Posted in a family thing, about the weather, memphis, specifically southern, tennessee in general | Leave a Comment »

Up Against the Wall

Posted by Lynnster on February 22, 1997

Well, the Camden trip, as expected, was a hoot. Actually the aforementioned club isn’t a dive, it’s actually pretty nice. I was really grasping to see any familiar faces tho, I have been away too long, I saw few. Susie W., who I wound up sitting with, KT, Kim H., Debbie P., Russell H., Al W., and that was probably the extent of it, besides Kelli & Cole.

A bunch of people Kelli knew that I didn’t sat with us for a time and this one guy goes (to me), “You just look really out of place here among all this redneck,” and I said no way, I grew up here, and he didn’t believe me. Oh well…

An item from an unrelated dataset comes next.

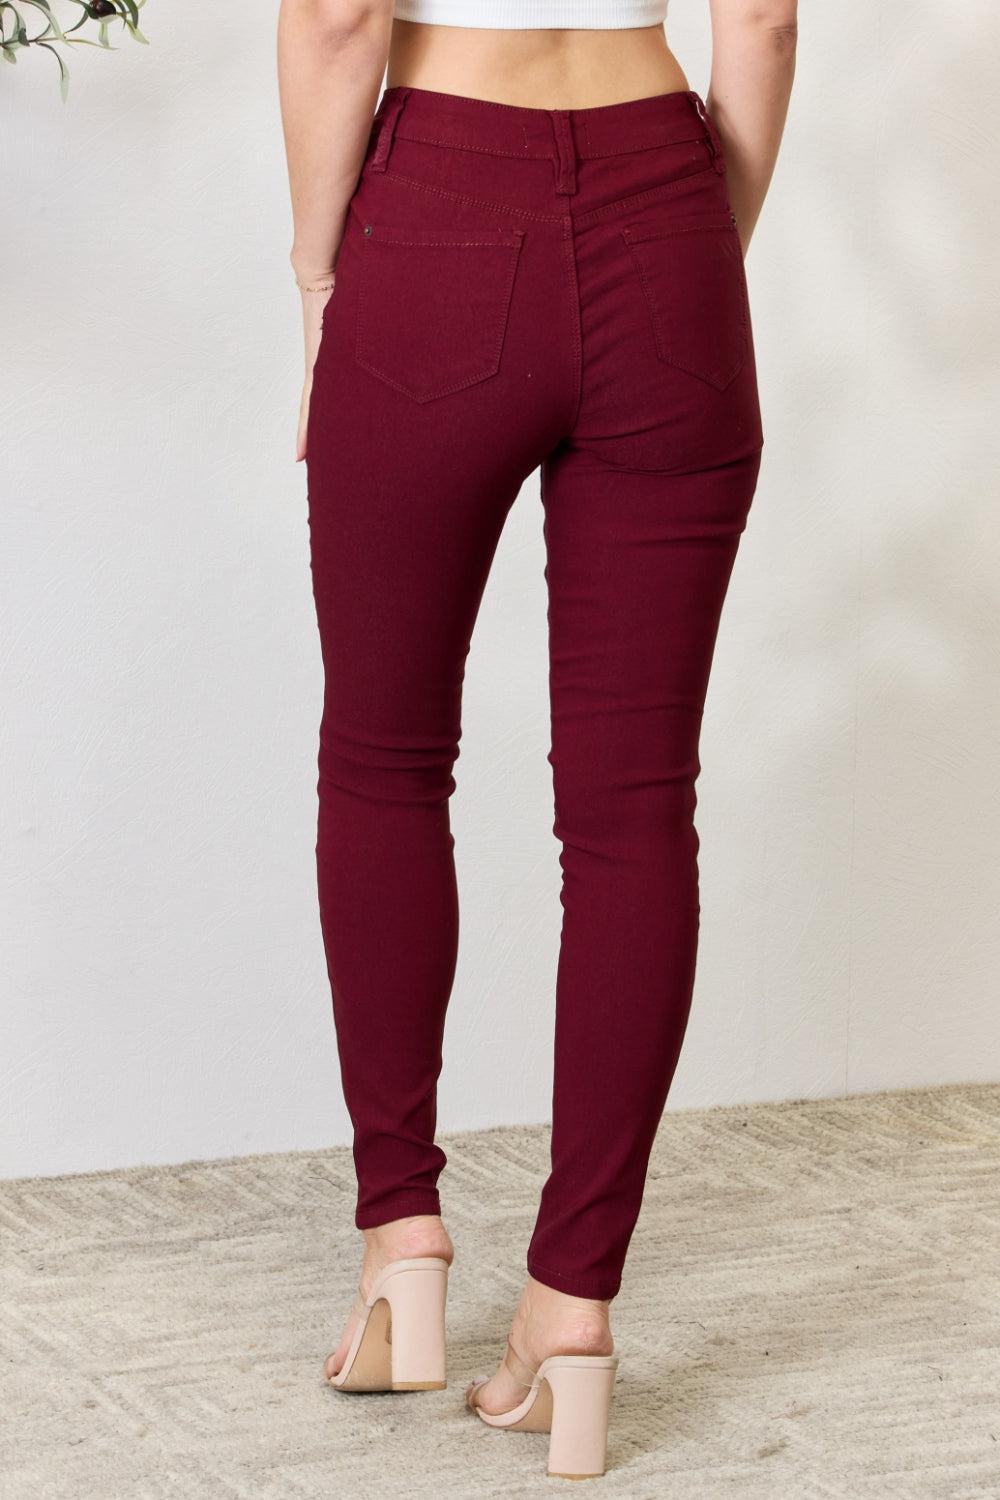 a woman in a white top and maroon pants

Posted in * top funny babble, ancient history, friends are good, giggles, specifically southern, travelin', west tennessee | Leave a Comment »

If You Don’t Like My Redneck

Posted by Lynnster on February 19, 1997

Well, after a three-way phone conversation with Cole and Kelli (during which Kelli and I instantly reverted into redneck Camden girl-ese … why is it when you talk to people on the phone like that you instantly regain the accent you dropped years ago??) -

Anyway, now I’ve been talked into going to some dive bar (that believe it or not, I’ve never been in) in Benton County this weekend to see David Allan Coe with my drunk redneck friends. I’m sure I’ll be able to report back to you Camden folk after seeing god knows how many people I haven’t seen in a decade there.

In any case, no, I’m not going for the music, only for the company and good time (and the fact that Cole’s new wife won’t let him go there with anyone but me).

BTW, I saw what you wrote again KC … you’re treading on real thin ice there, buddy boy. “JTMU”, indeed.